The European Space Agency's 800 million pounds probe will become the Earth's first early warning system against asteroid impacts - even those that lie centuries ahead.
One of the key tasks of the telescope, featuring the most high-powered video camera ever built, is to stare at the space between the Earth and the Sun to plot the tracks of the thousands of asteroids lurking there.
Astronomers have not been able to spot such asteroids because they orbit between the Earth and the Sun, whose radiation blinds telescopes, but they are regarded as the most dangerous because their orbits often cross the Earth's.

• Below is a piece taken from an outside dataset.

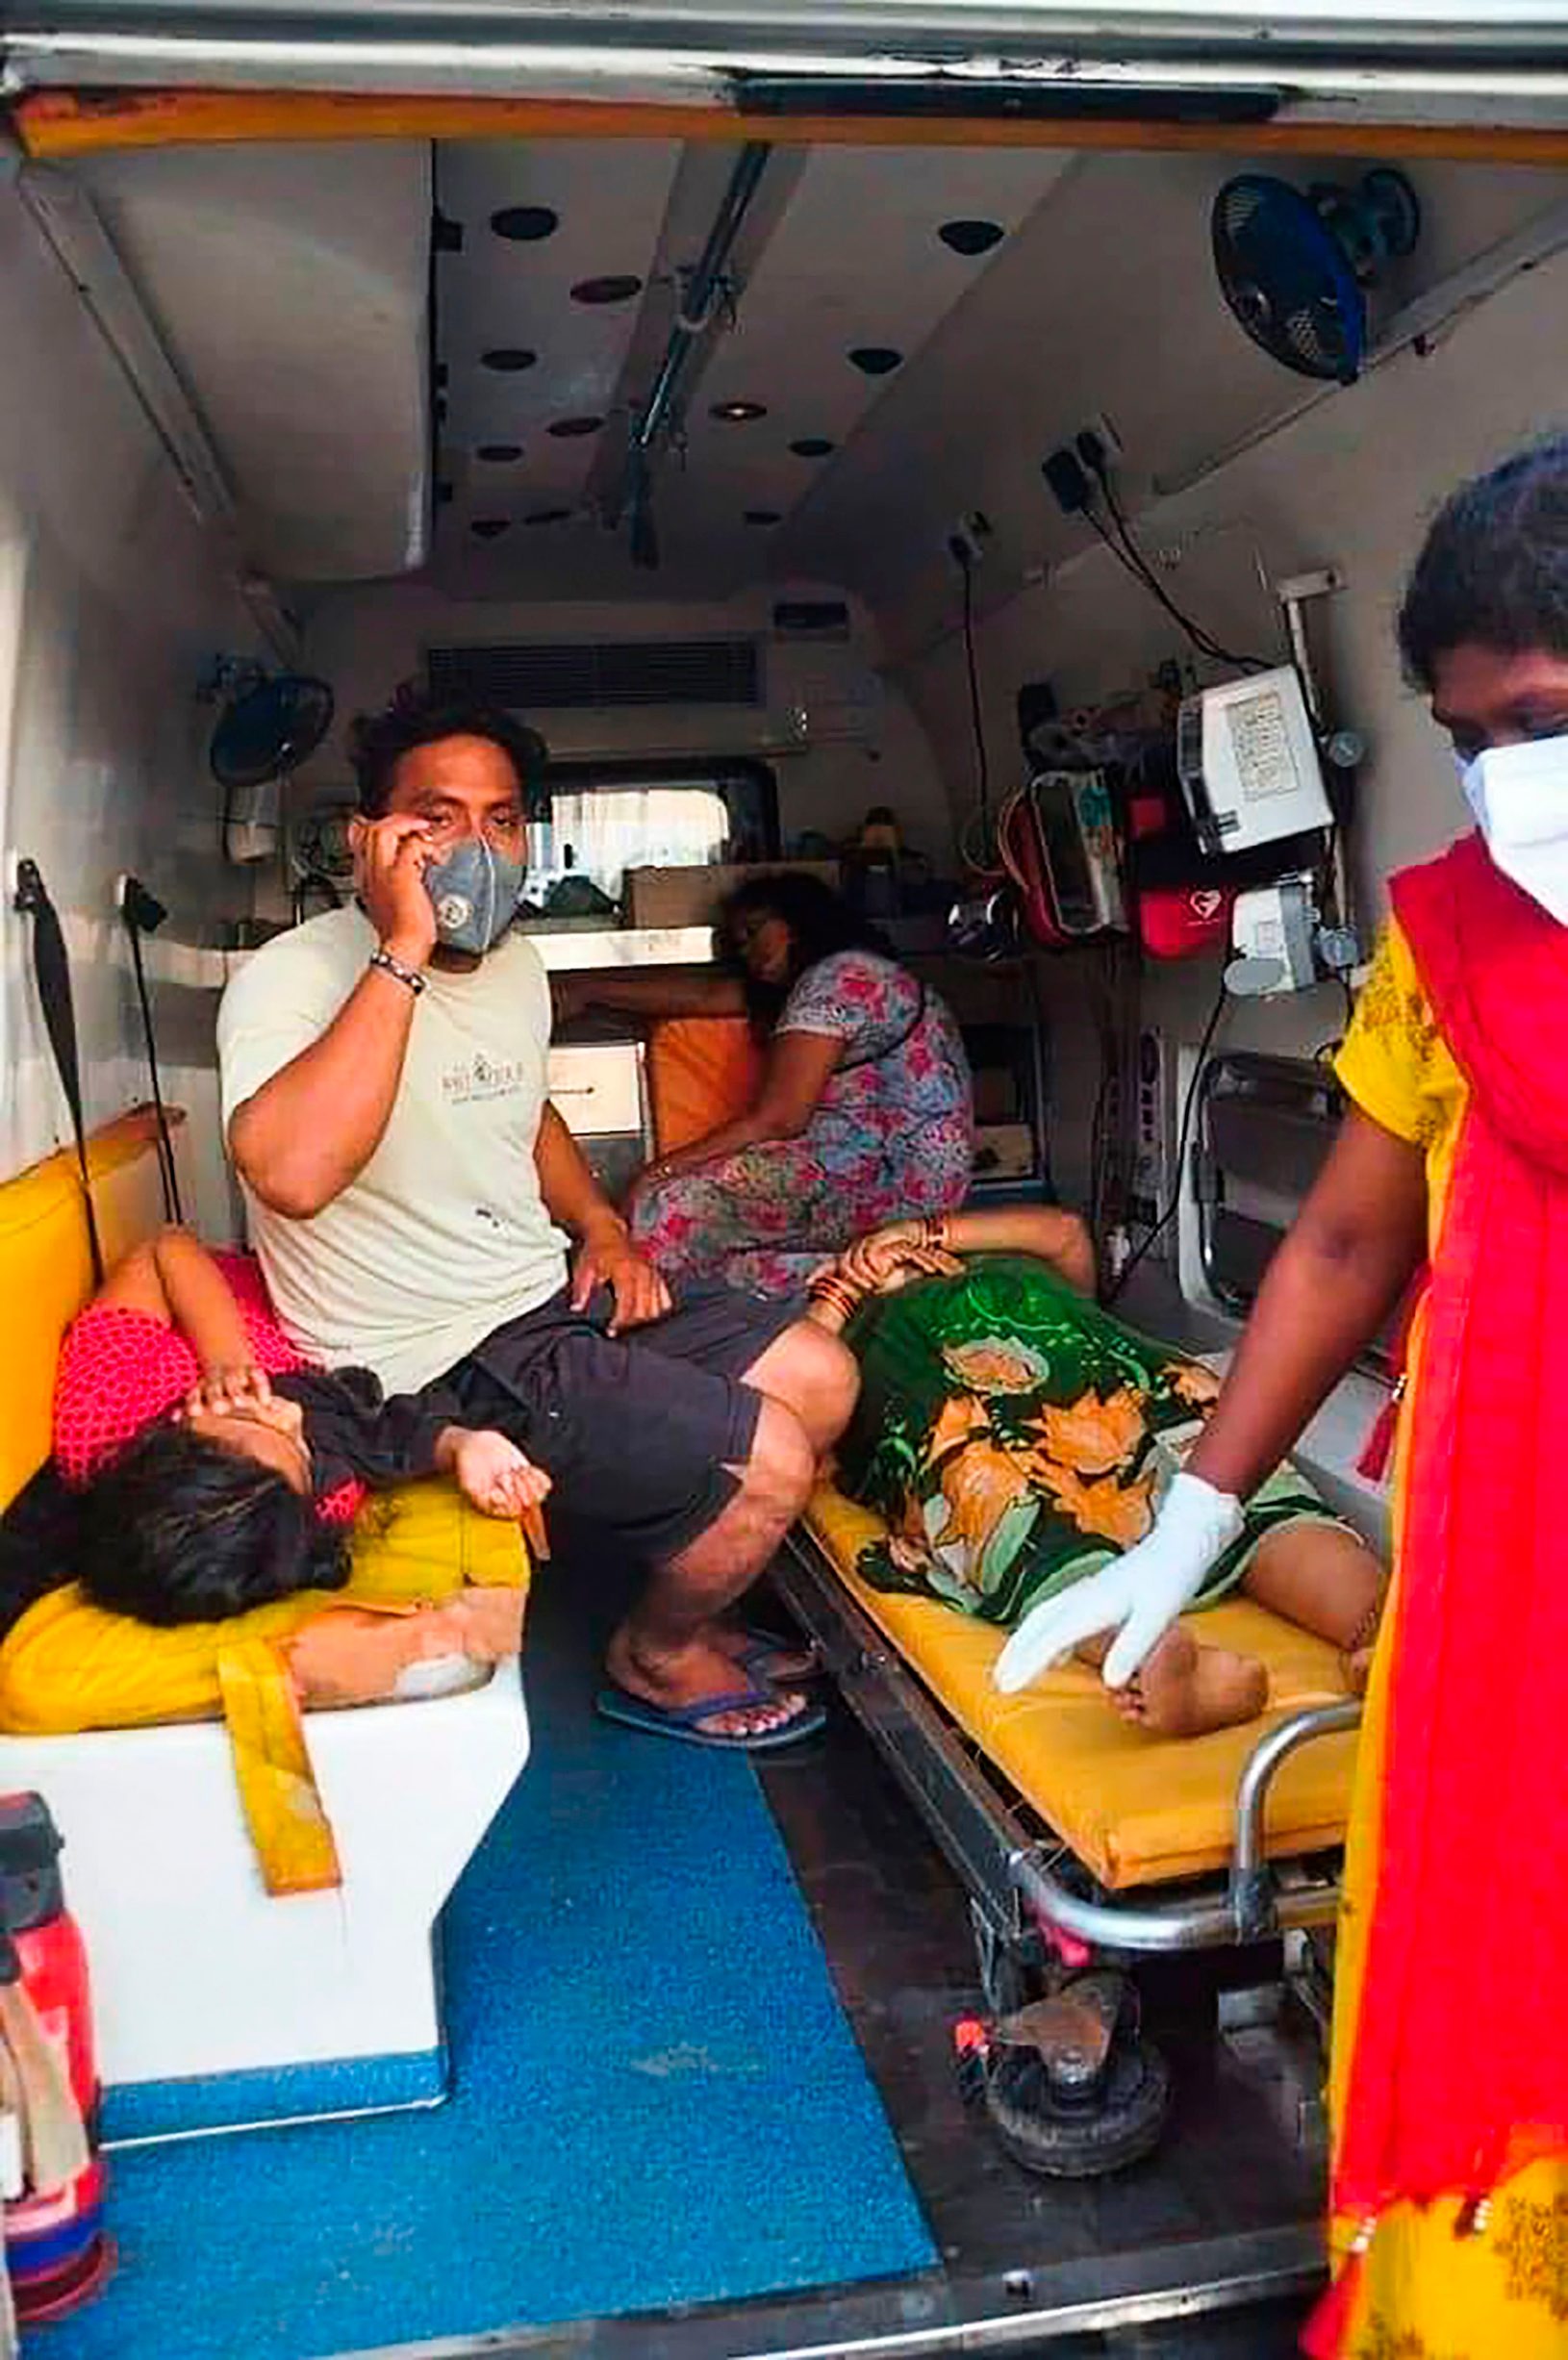 Women are evacuated to a hospital  in an ambulance following a gas leak incident from an LG Polymers plant in Visakhapatnam on May 7, 2020. - At least five people have been killed and several hundred hospitalised after a gas leak at a chemicals plant on the east coast of India, police said on May 7. They said that the gas had leaked out of two 5,000-tonne tanks that had been unattended due to India's coronavirus lockdown in place since late March. (Photo by - / AFP)

"Gaia will measure all the asteroids including those between us and the sun which are the really nasty ones because we cannot see them," said Gerry Gilmore, professor of experimental philosophy at Cambridge University's Institute of Astronomy, who is a lead scientist on the project.
Gaia mission's other main task is designed to create the first 3D map of our Milky Way galaxy.
"Gaia is the biggest video camera with a sensor 1m long and 0.5m wide," Gilmore said.
"It will follow a billion stars for five or six years, plotting their movements 80 times so that we can work out their exact tracks. We can combine those movements with those of the Earth round the Sun to triangulate them - giving us the first accurate measurements across interstellar space," Gilmore added.
Gaia will let scientists build a network of 5,000 reference stars in the Milky Way plus 5,000 supernovae, exploded stars, whose distances will all be known. Scientists will use this to calculate the distances of other stars and galaxies.
The satellite completed final preparations in Europe last year and will take off from a launch site in French Guiana on November 20.